◆ **WHAT IS BEING ASKED**
Give the listing again character for character, but drop the images.

◆ **SUPPLIED INFORMATION**
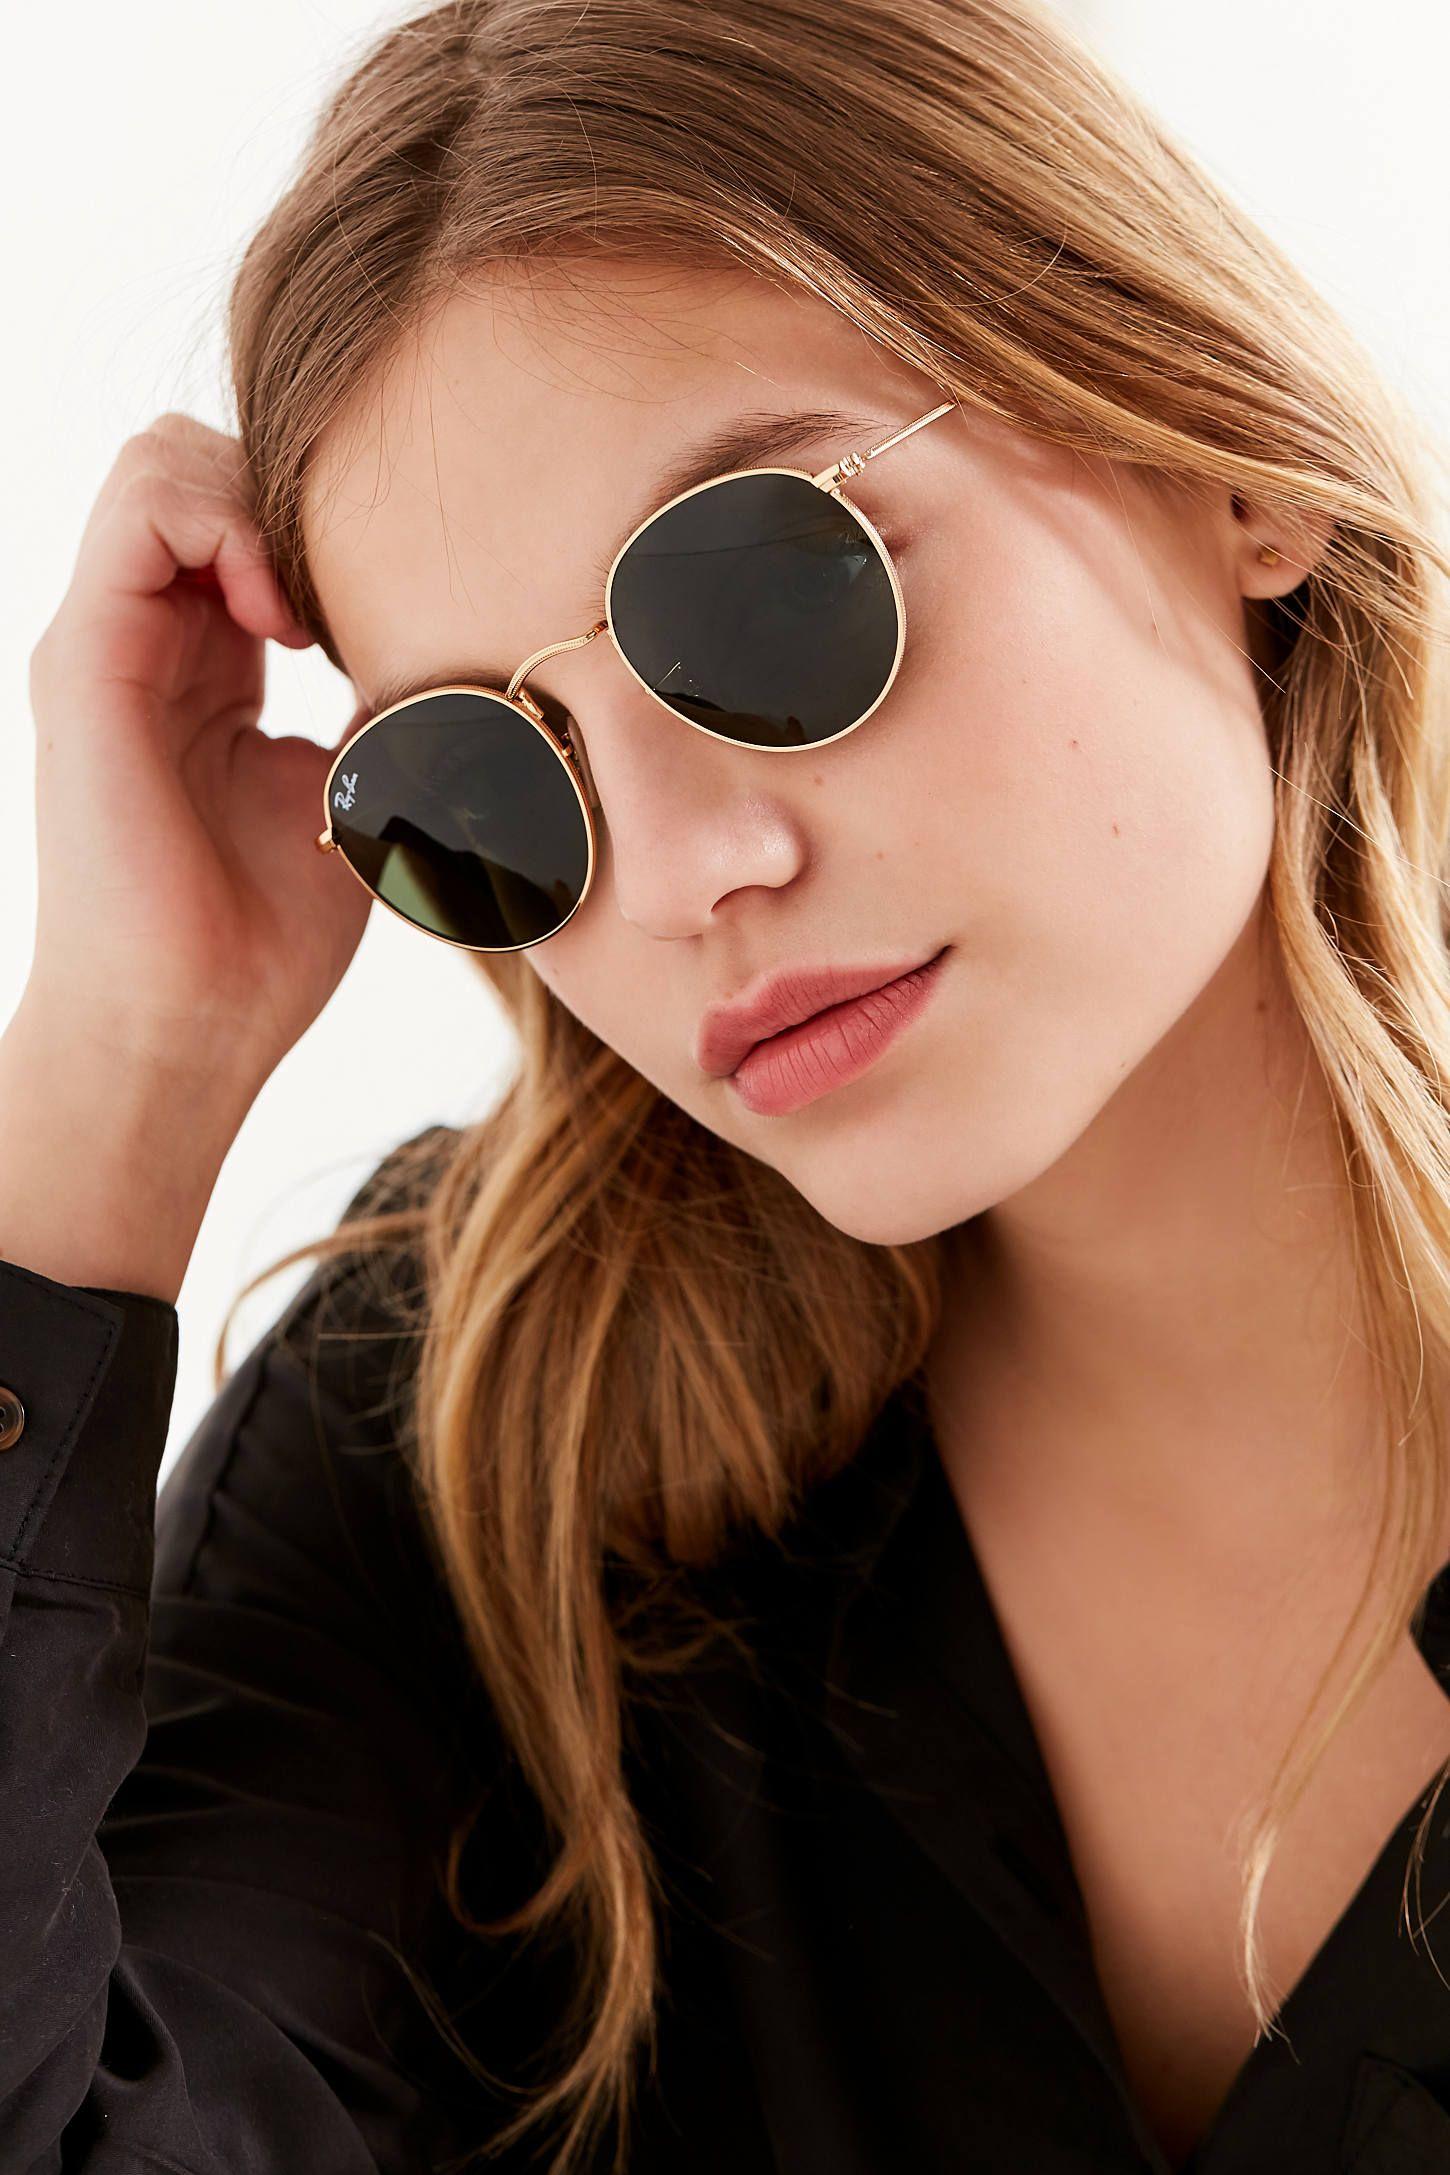 Ray Ban Round Metal Classic Sunglasses Ray Ban Sunglasses Women Classic Sunglasses Metal Sunglasses
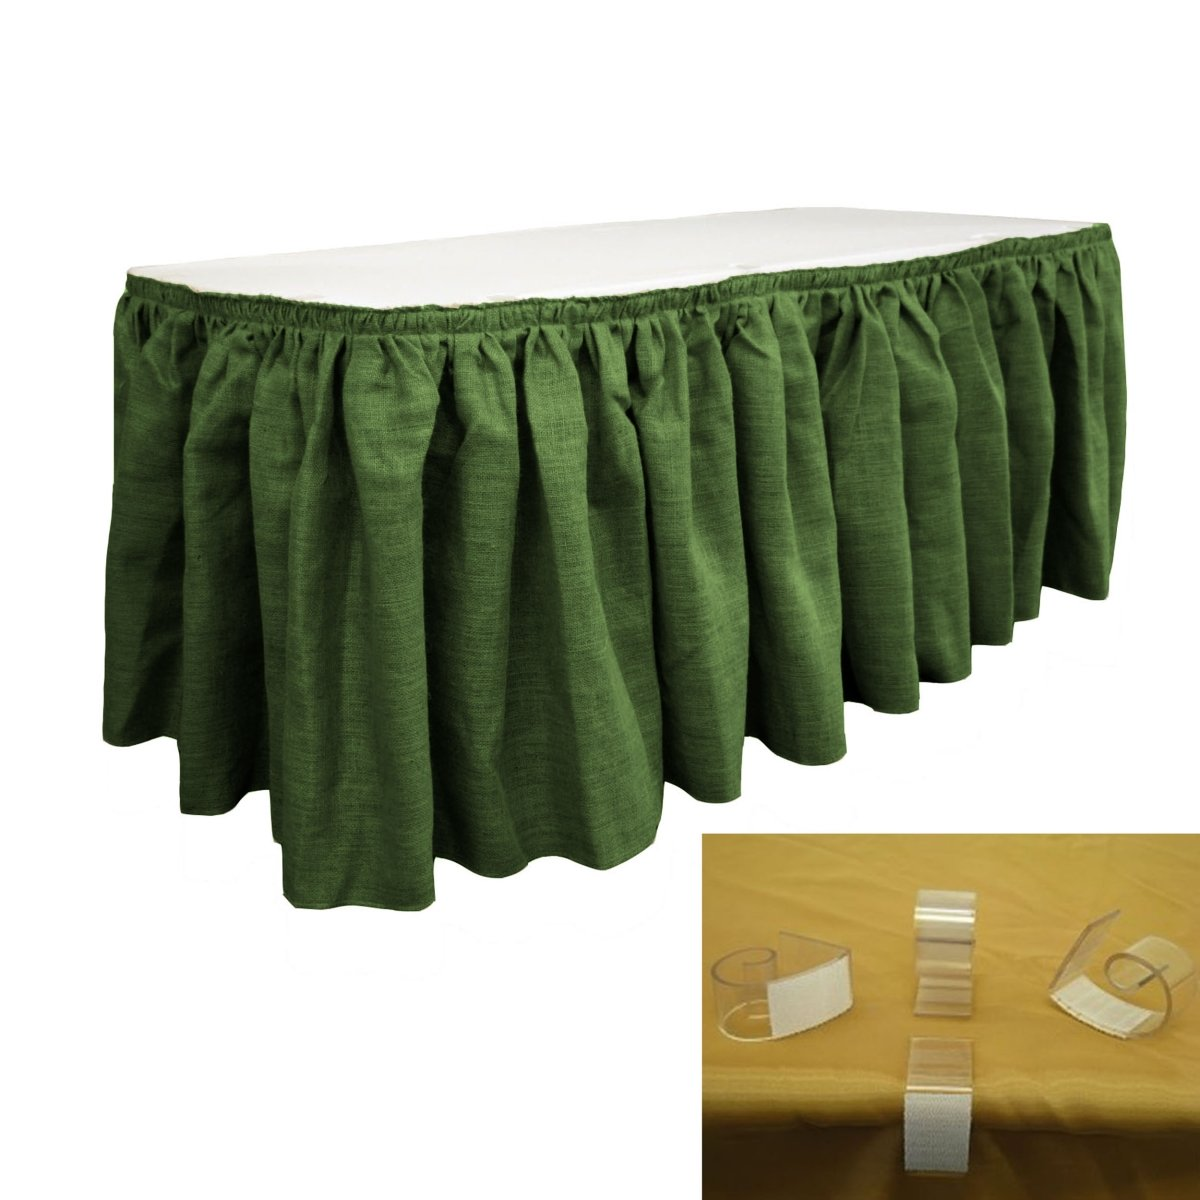 LA Linen SkirtBurlap14x29-10Lclips-GreenHunter Burlap Table Skirt with 10 L-Clips44; Hunter Green - 14 ft. x 29 in.
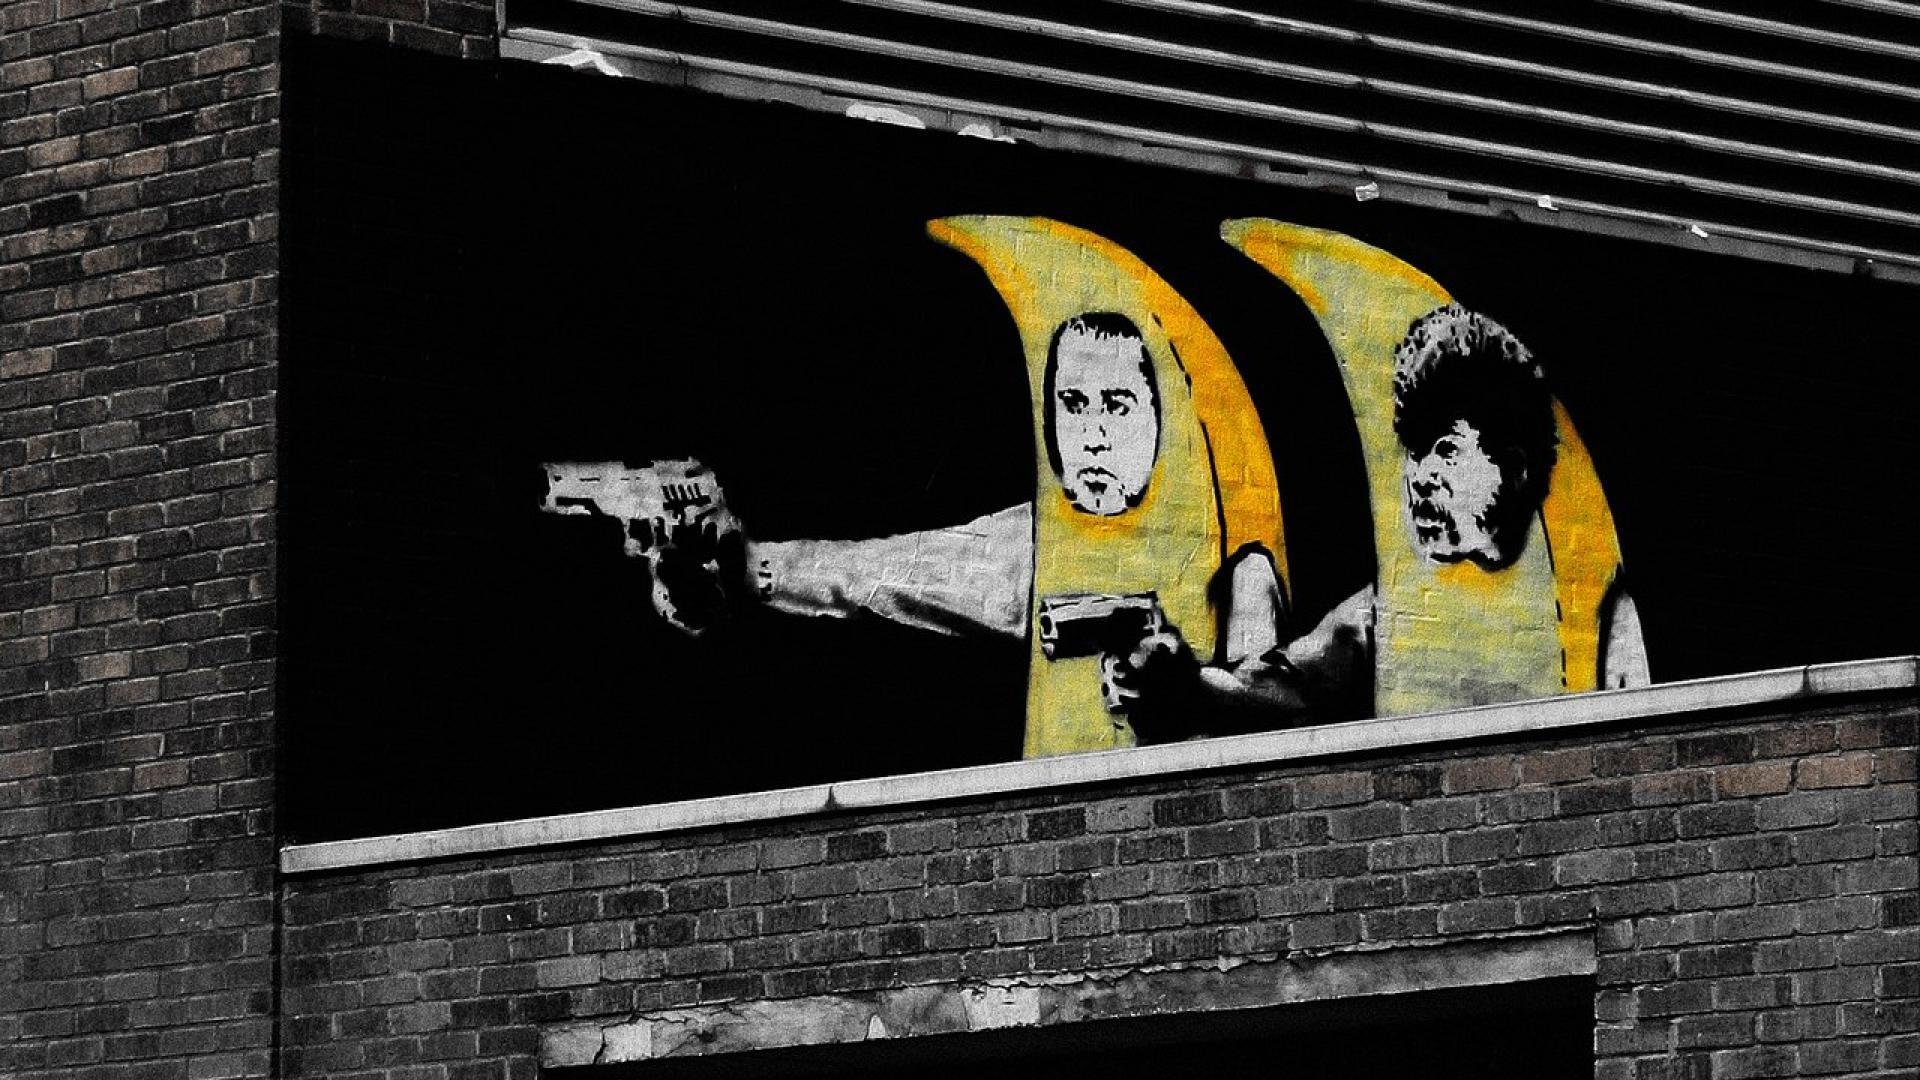 Banksy Hd Wallpaper: Banksy Hd Wallpaper

◆ **RESPONSE FOR THIS EXERCISE**
 Ray Ban Round Metal Classic Sunglasses Ray Ban Sunglasses Women Classic Sunglasses Metal Sunglasses
 LA Linen SkirtBurlap14x29-10Lclips-GreenHunter Burlap Table Skirt with 10 L-Clips44; Hunter Green - 14 ft. x 29 in.
 Banksy Hd Wallpaper: Banksy Hd Wallpaper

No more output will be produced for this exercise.